Work request:
Your answer must hold only the lines below from the line containing "Baked Brussel Sprouts" through the line containing "PA set of postcards", each reproduced exactly.

Task input:
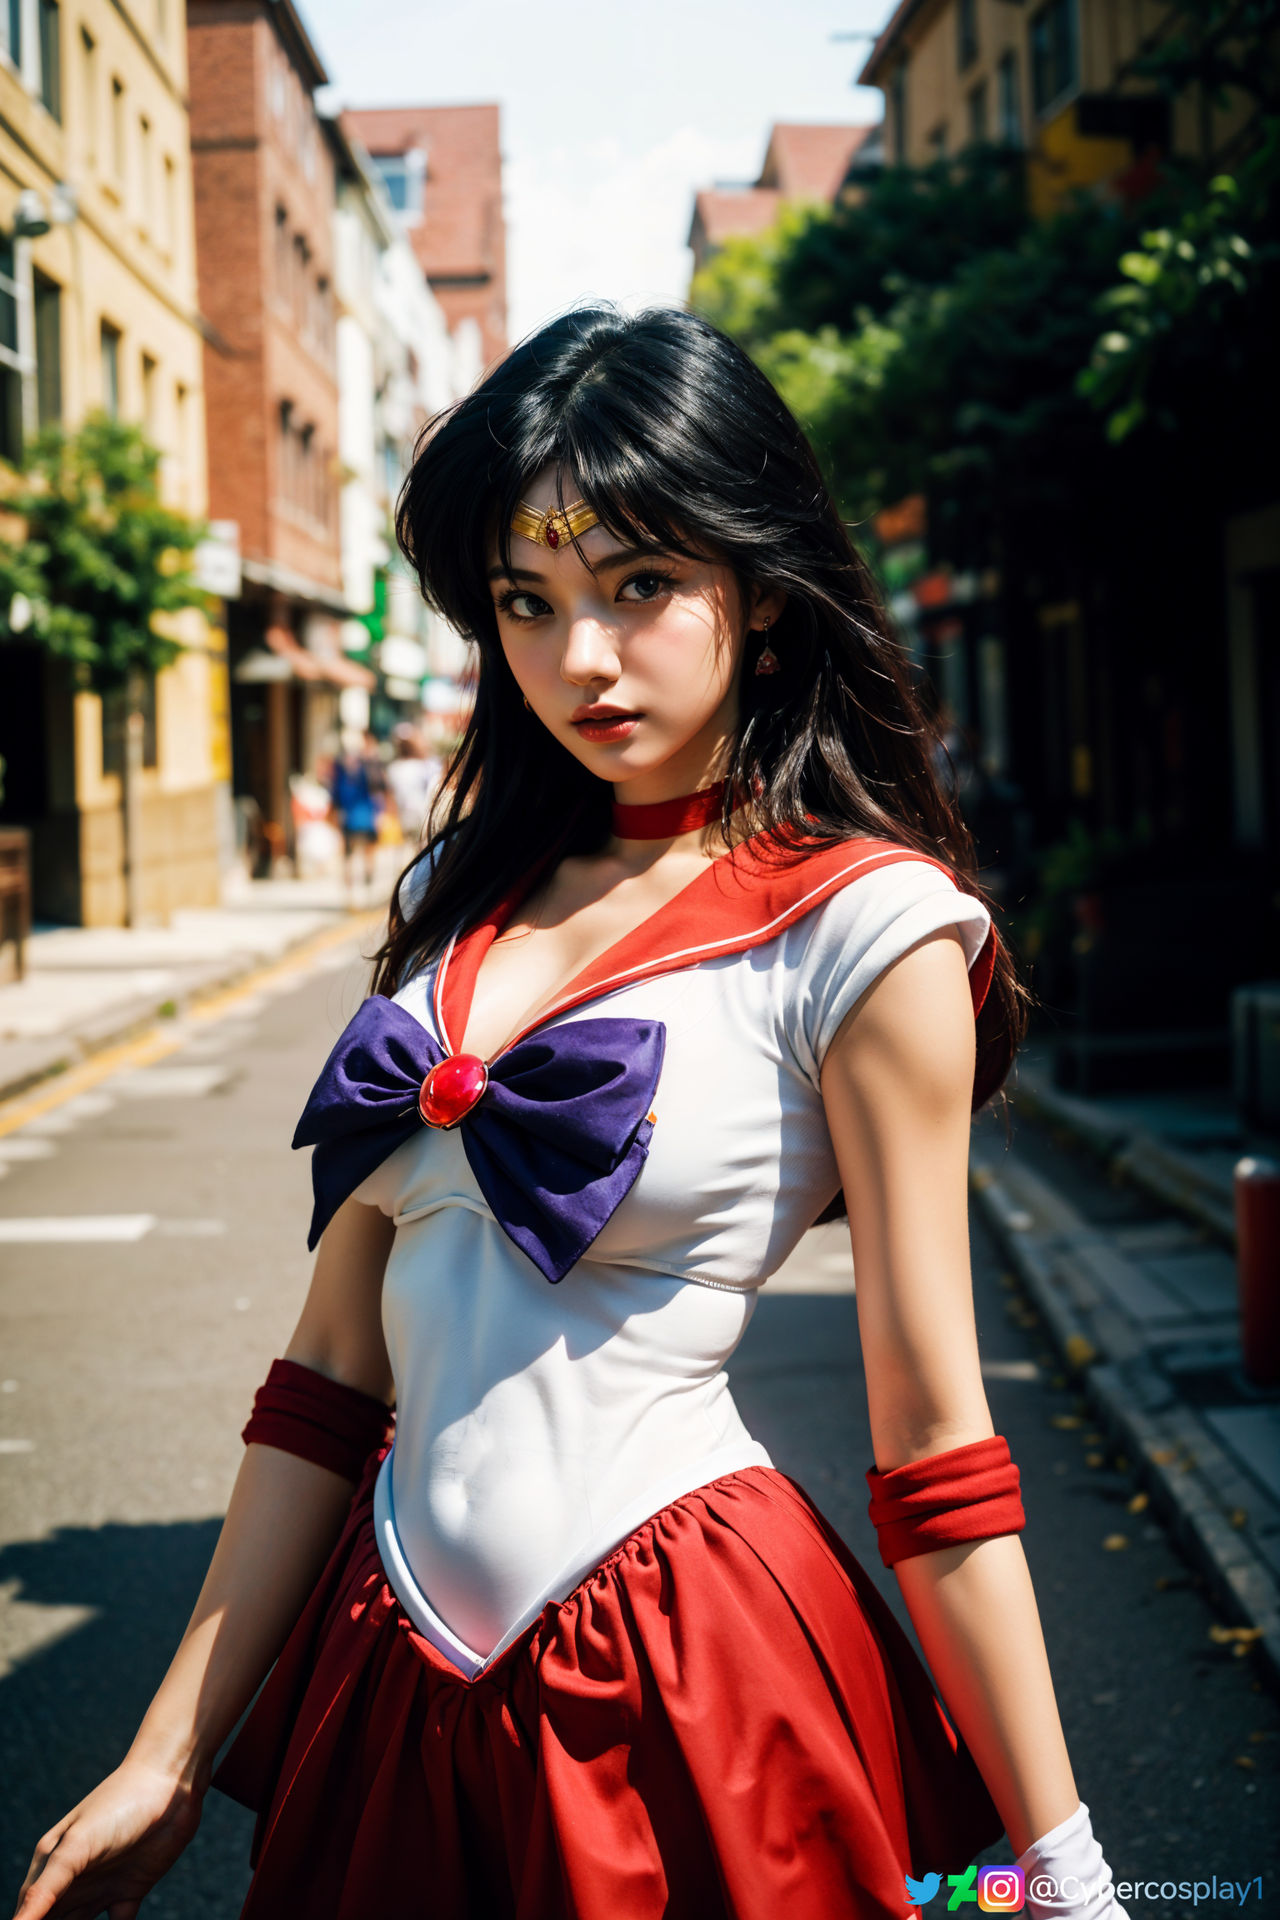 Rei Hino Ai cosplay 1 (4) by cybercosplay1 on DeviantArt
...
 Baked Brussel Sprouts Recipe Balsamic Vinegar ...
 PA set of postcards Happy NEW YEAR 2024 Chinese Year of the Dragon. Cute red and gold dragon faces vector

Answer section:
 Baked Brussel Sprouts Recipe Balsamic Vinegar ...
 PA set of postcards Happy NEW YEAR 2024 Chinese Year of the Dragon. Cute red and gold dragon faces vector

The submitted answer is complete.